REQUIRED WORK: A word-for-word copy of the data, with no images, is the required answer.

DATA:
============================================================

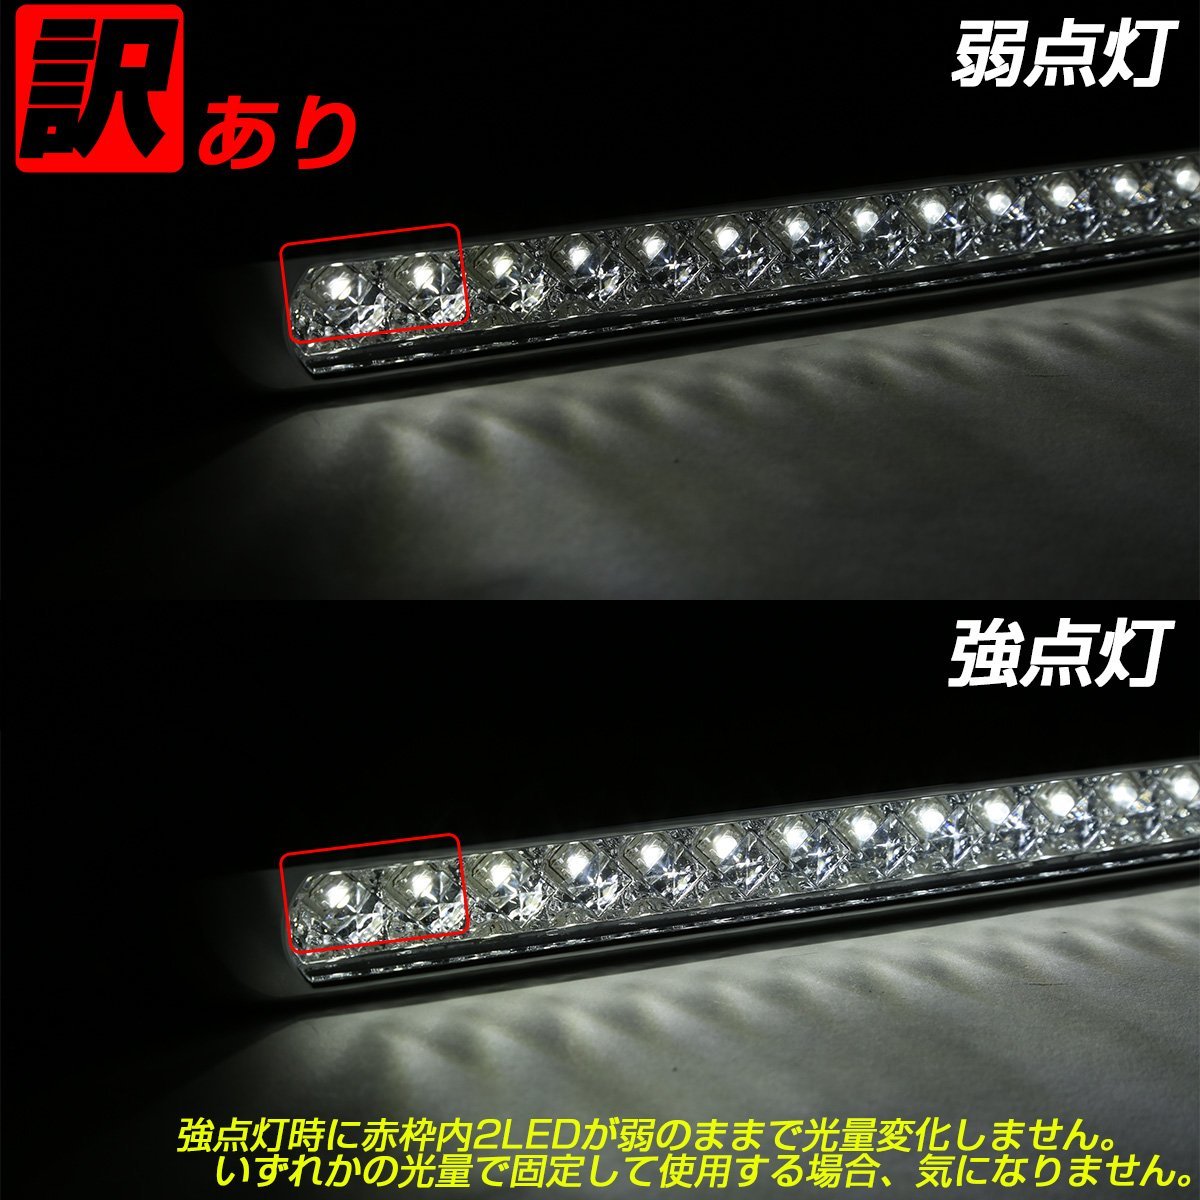 訳あり 17連 LED スーパーワイド マーカー ランプ 12V 24V兼用 ブルーレンズ ブルー発光 車高灯 サイドマーカーに ZZF-234_画像9
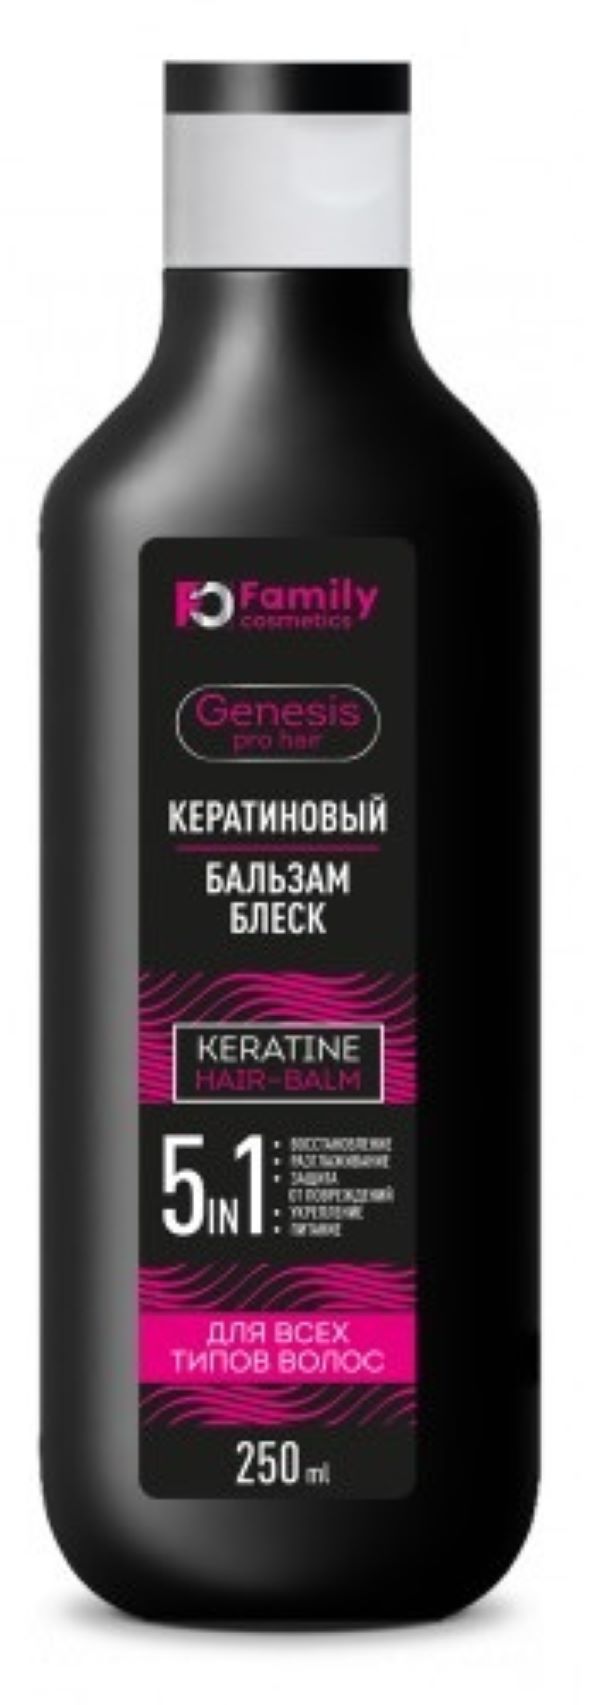 Бальзам Family Cosmetics кератиновый для всех типов волос, 250 мл х 2шт. бальзам для волос с экстрактом авокадо beauty family
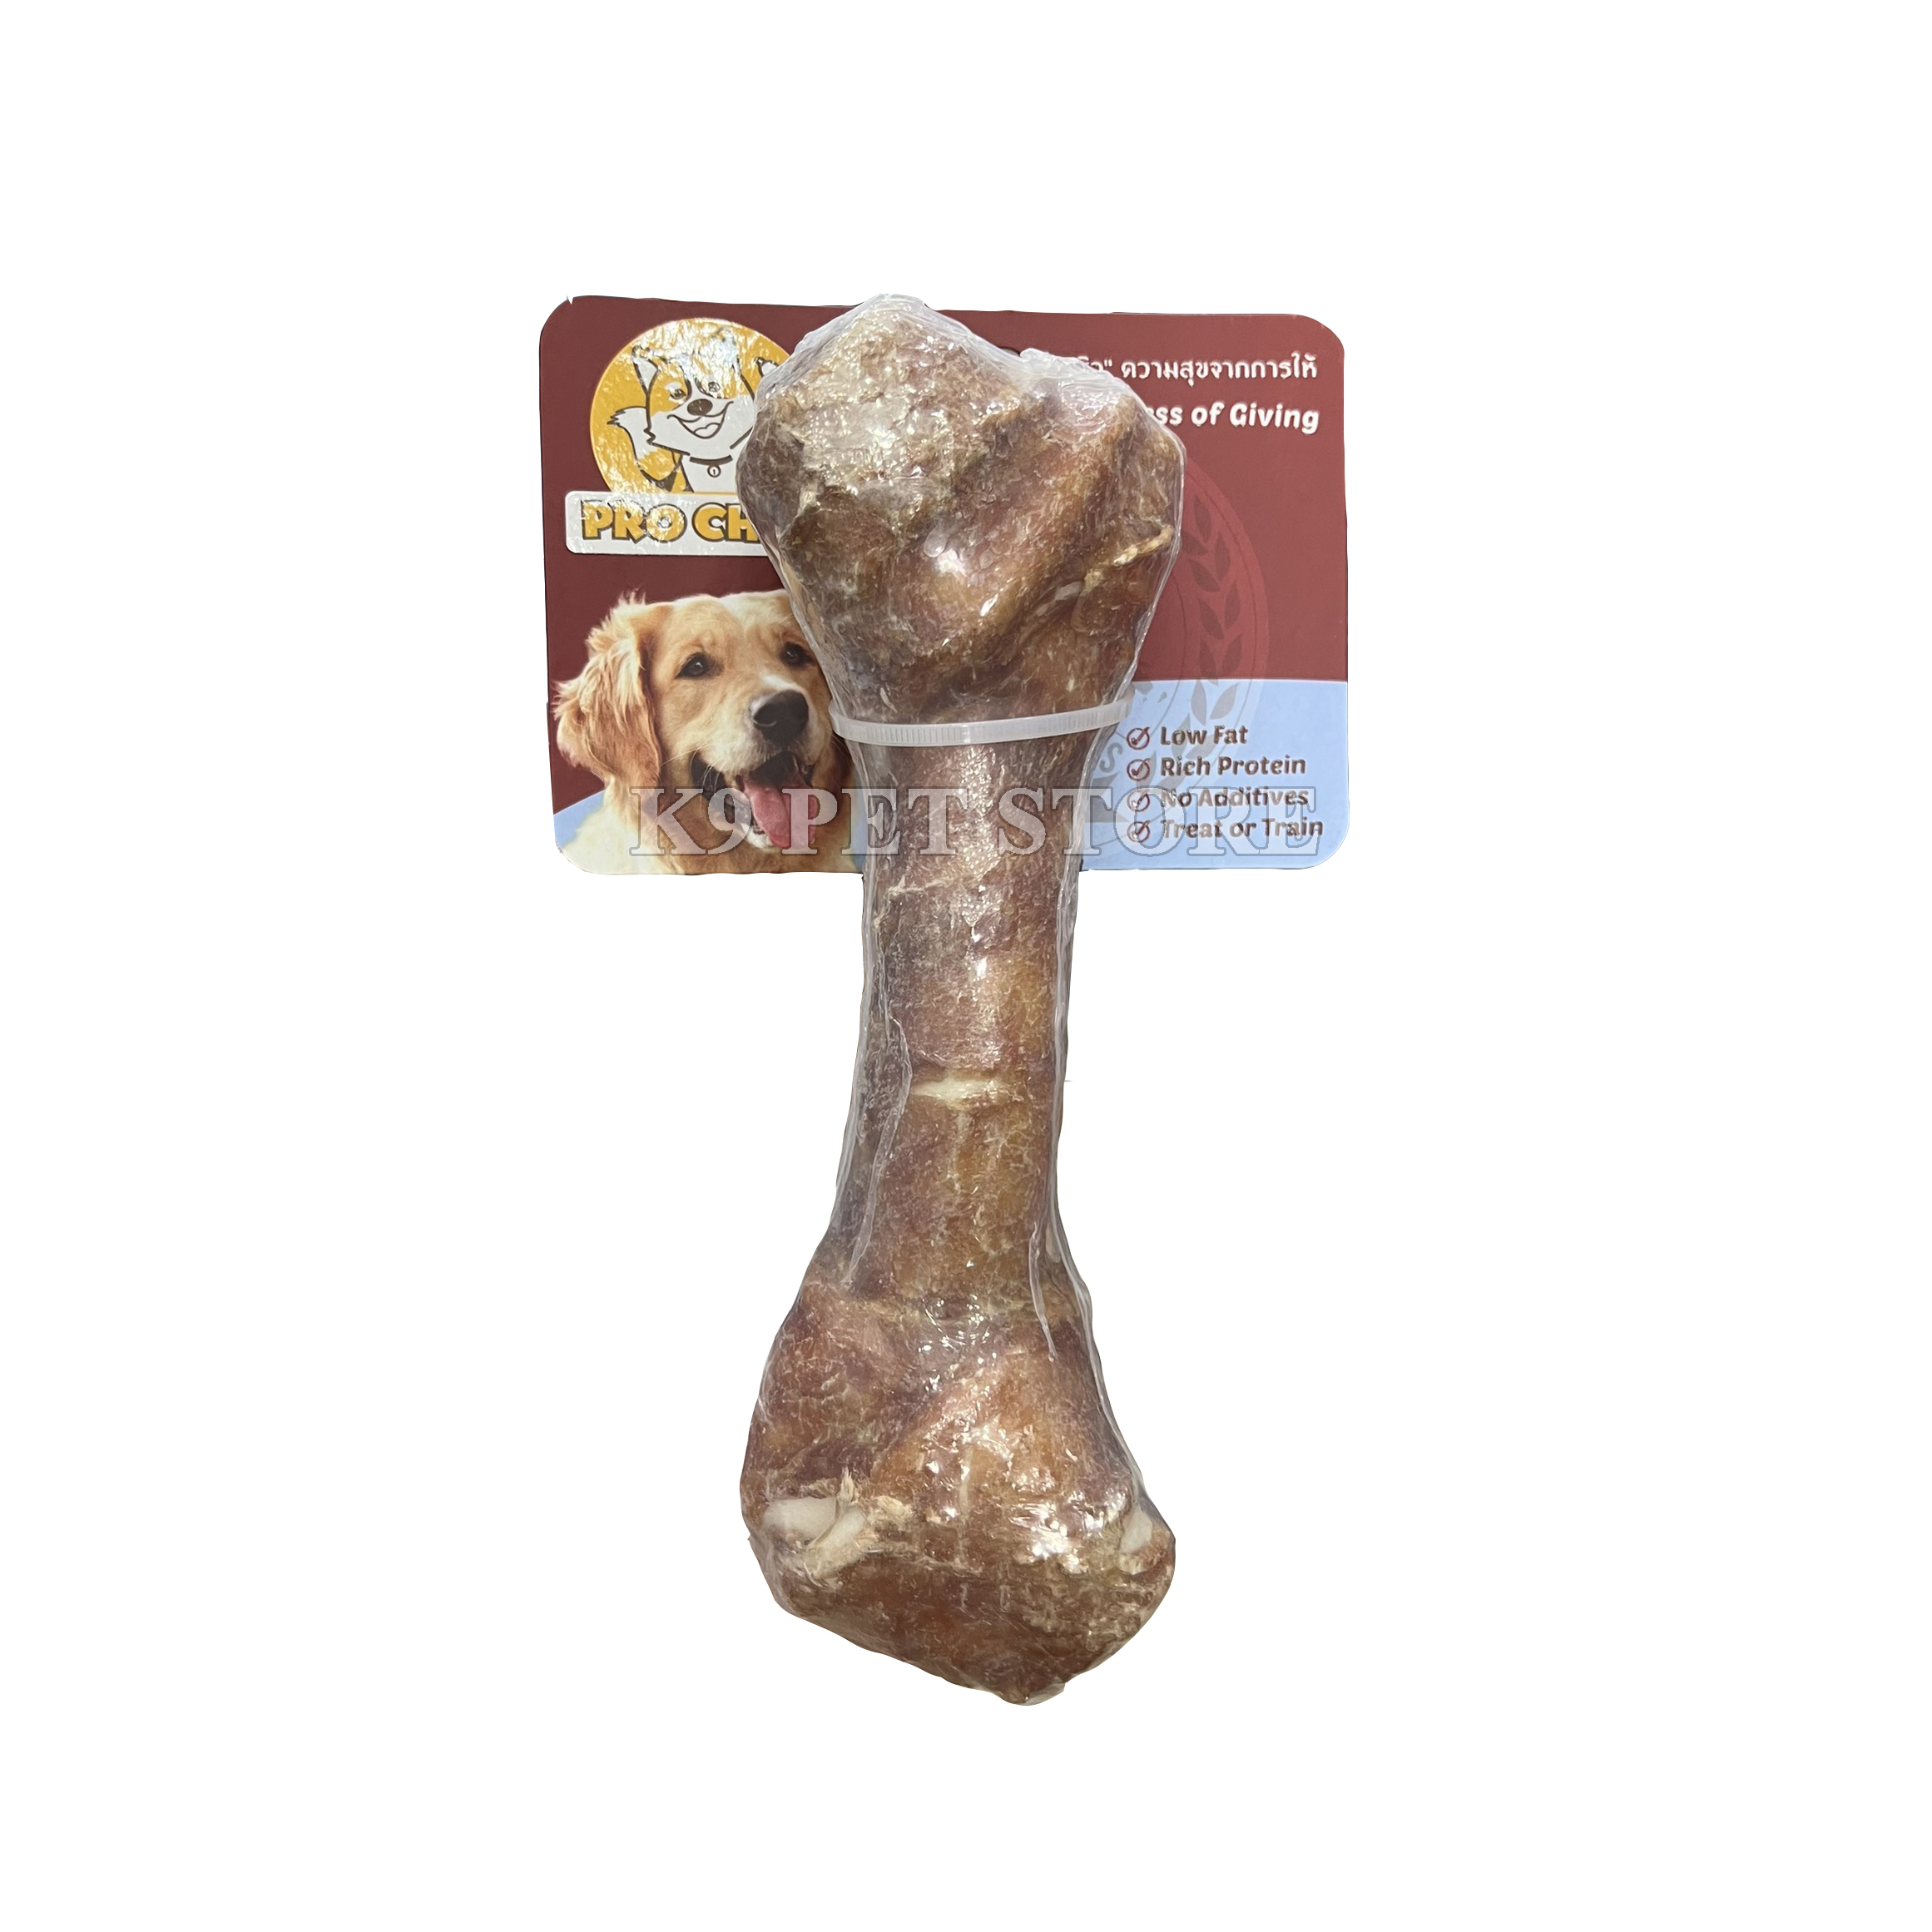 Xương gặm cho chó Pro Chew Munchy Bone 8" with Pork

============================================================

SOLUTION BELOW:
 訳あり 17連 LED スーパーワイド マーカー ランプ 12V 24V兼用 ブルーレンズ ブルー発光 車高灯 サイドマーカーに ZZF-234_画像9
 Бальзам Family Cosmetics кератиновый для всех типов волос, 250 мл х 2шт. бальзам для волос с экстрактом авокадо beauty family
 Xương gặm cho chó Pro Chew Munchy Bone 8" with Pork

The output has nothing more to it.